-- Exercise description --
All of the data below should be set down again verbatim, without any images.

-- The data --
>>>>

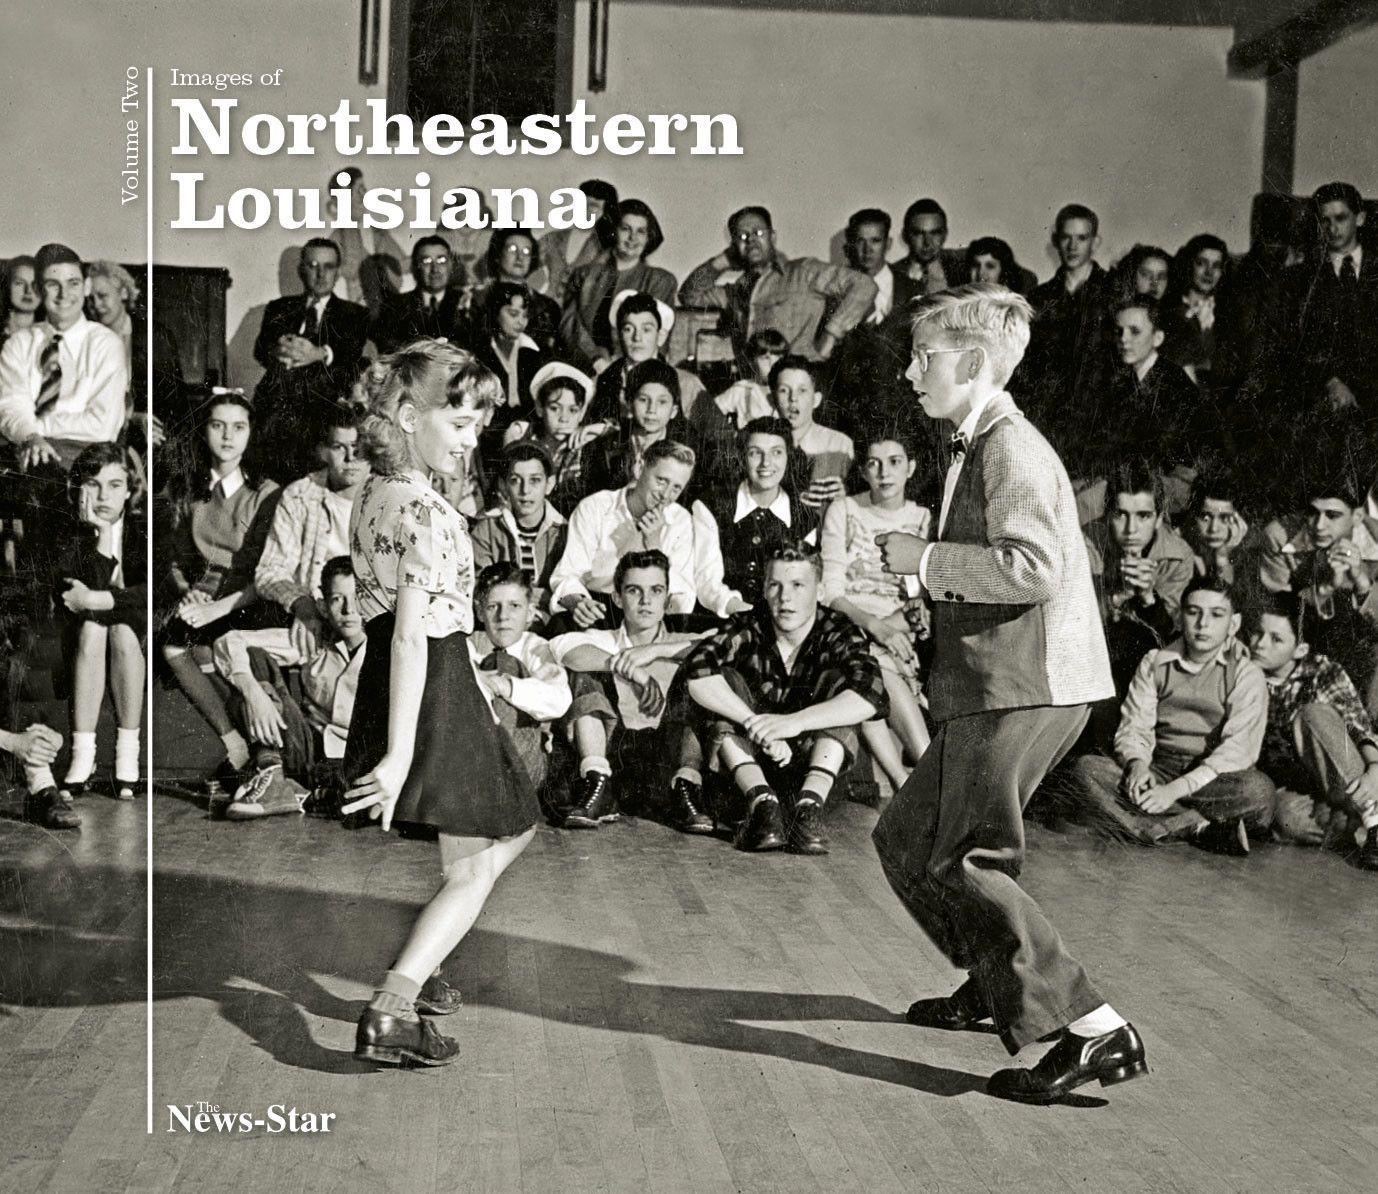 Images of Northeastern Louisiana: Volume II
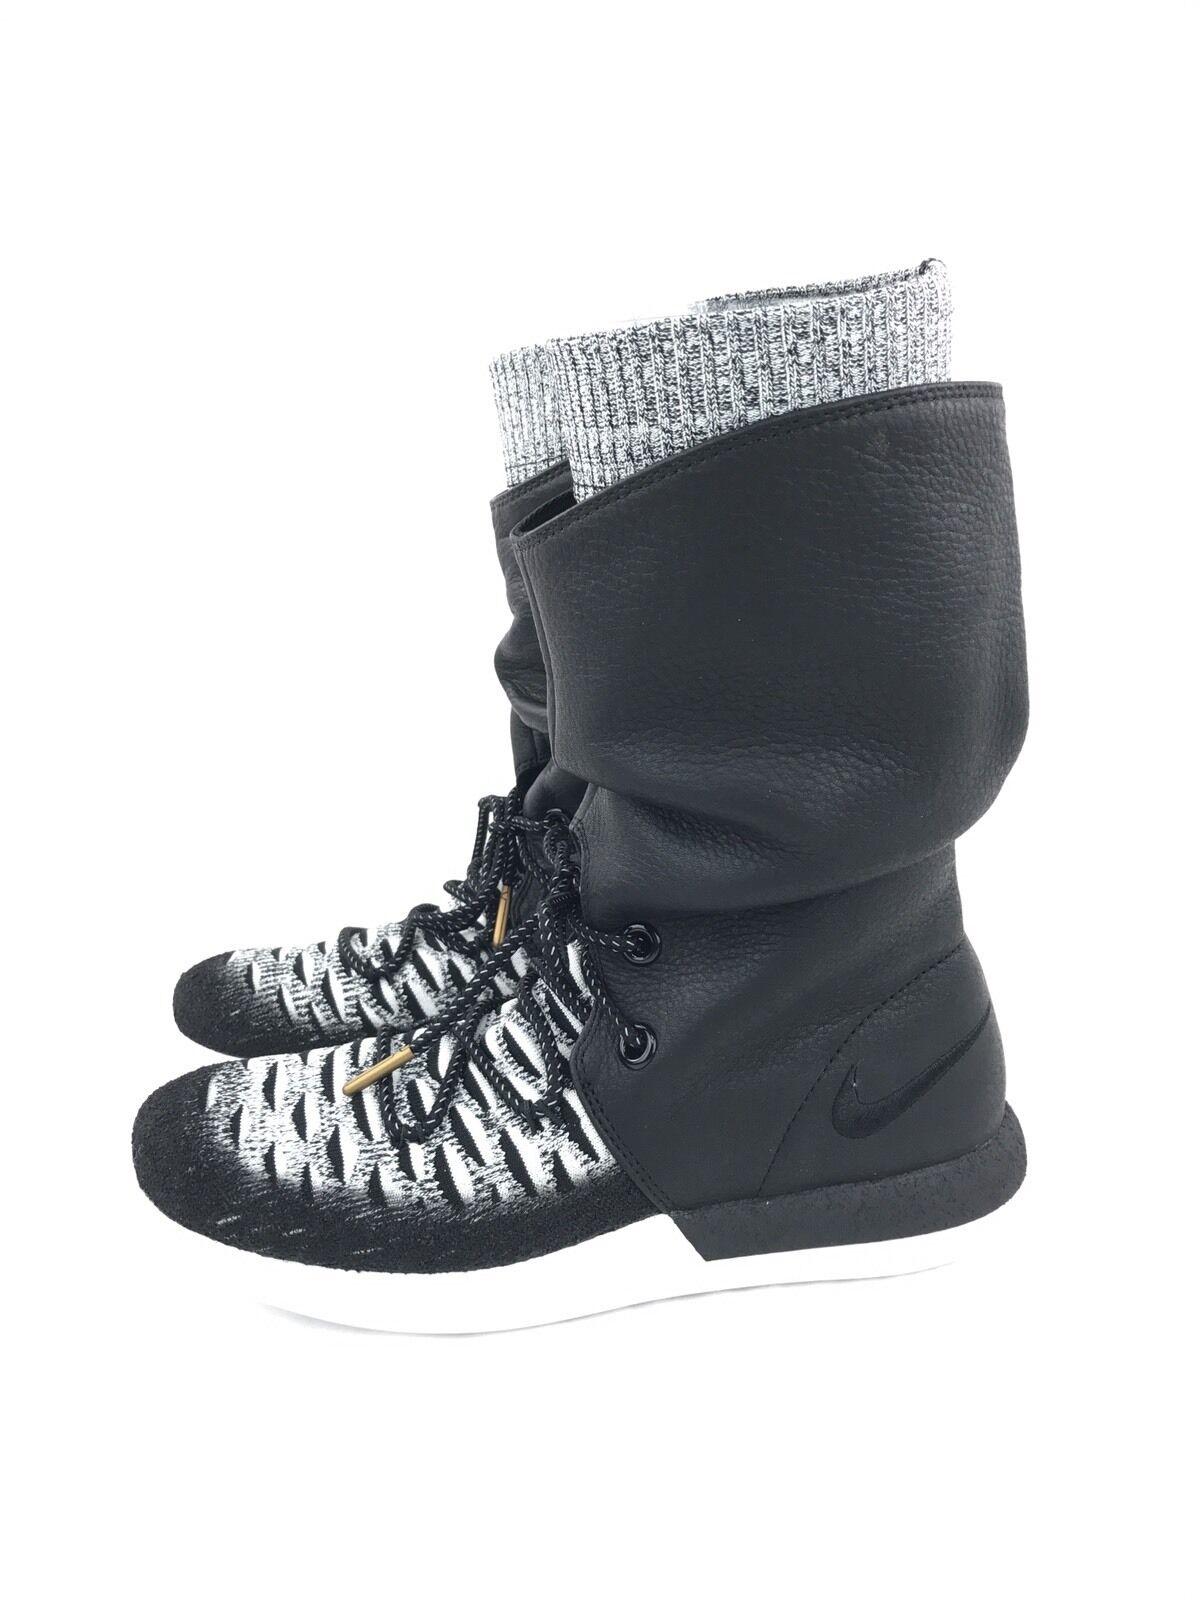 Womens Nike Roshe Two Hi Flyknit 2 Hi Top Black Women Boots 861708-002 S 7 NEW
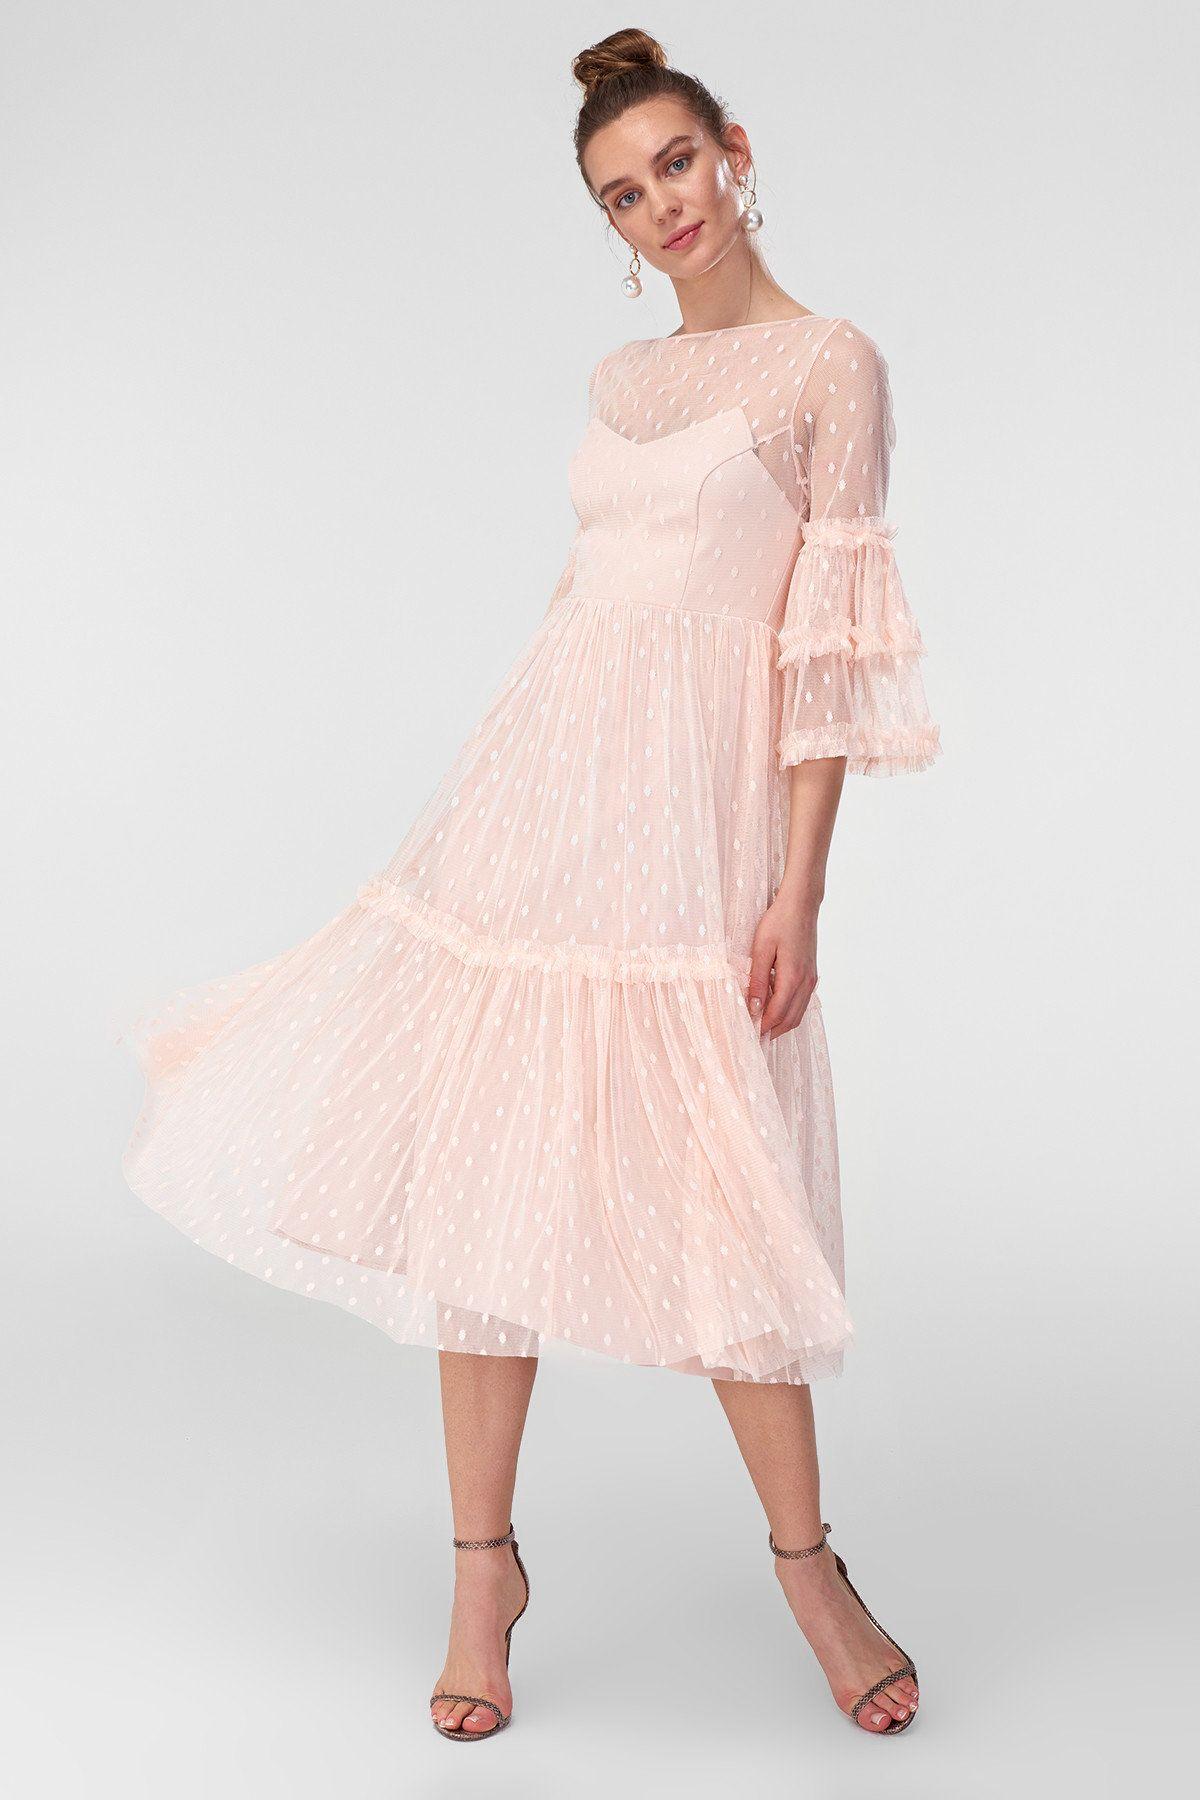 Https Www Trendyol Com Trendyolmilla Pudra Puantiye Tullu Abiye Elbise P 2474882 Boutiqueid 186392 The Dress Elbise Elbiseler
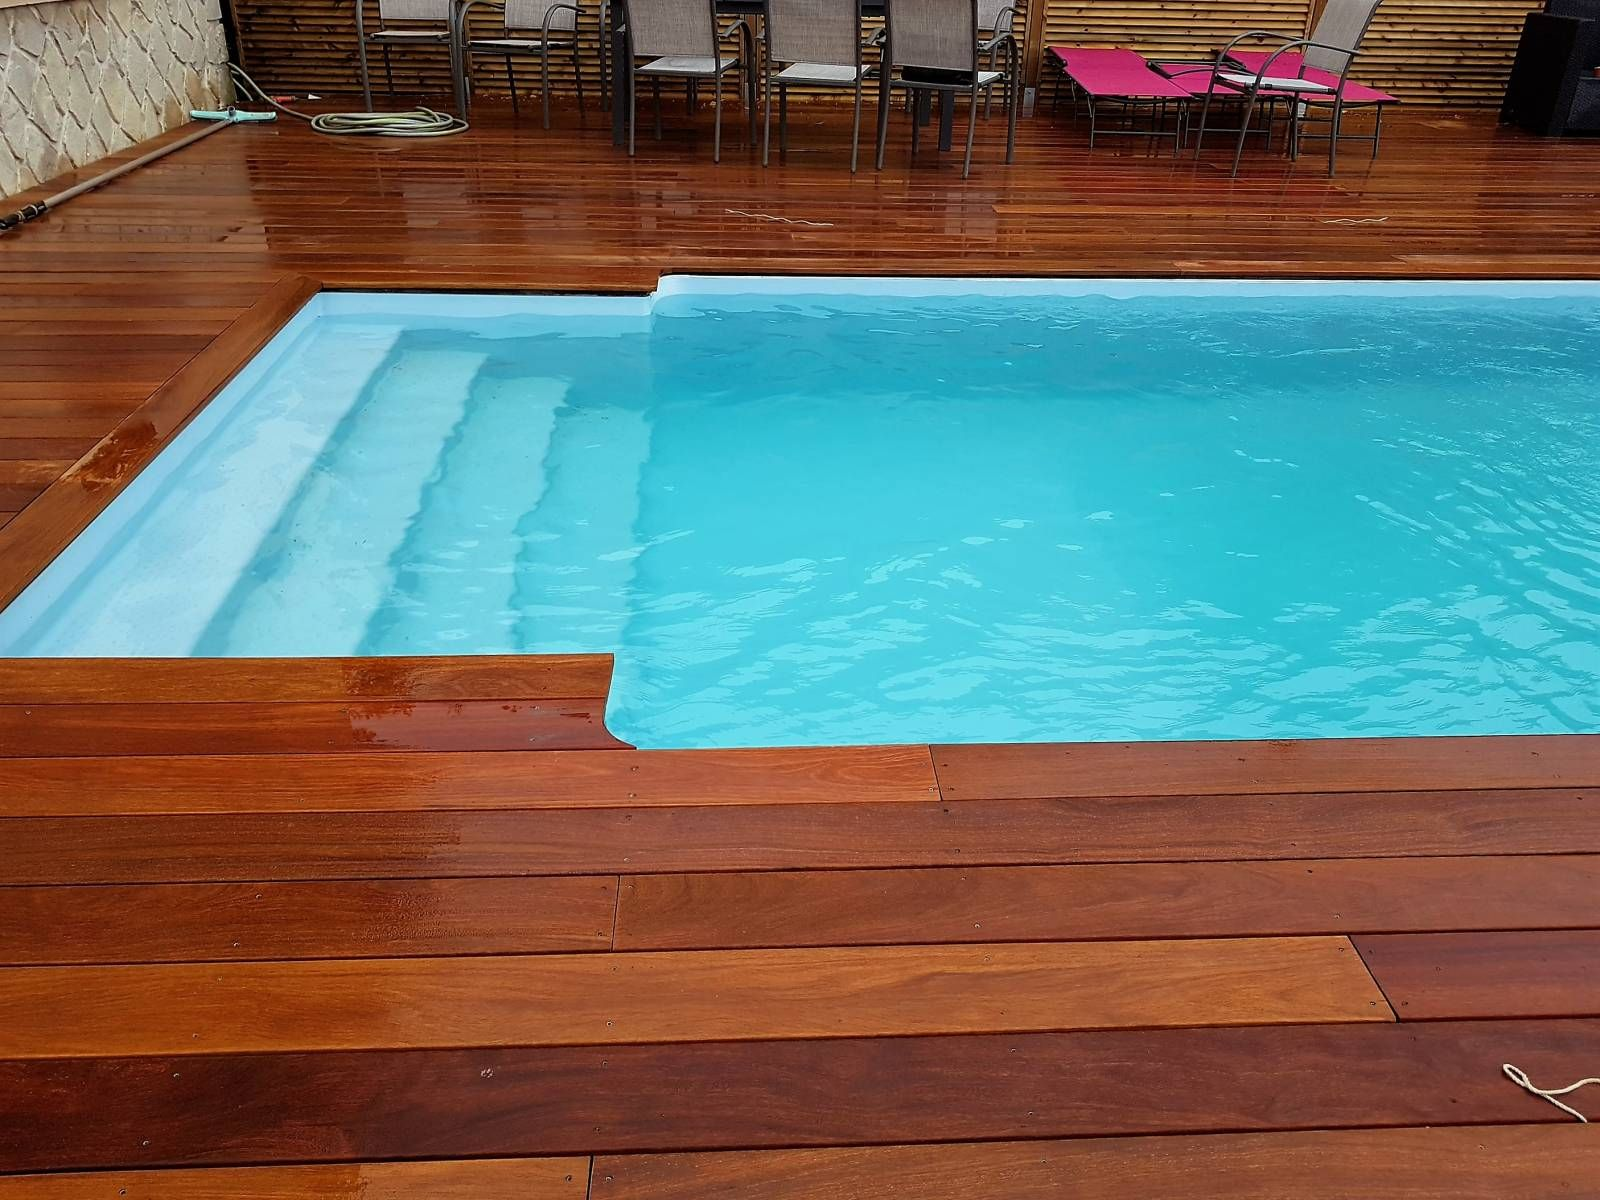 Epingle Sur Trendy Pool Ideas

<<<<

-- Answer area --
 Images of Northeastern Louisiana: Volume II
 Womens Nike Roshe Two Hi Flyknit 2 Hi Top Black Women Boots 861708-002 S 7 NEW
 Https Www Trendyol Com Trendyolmilla Pudra Puantiye Tullu Abiye Elbise P 2474882 Boutiqueid 186392 The Dress Elbise Elbiseler
 Epingle Sur Trendy Pool Ideas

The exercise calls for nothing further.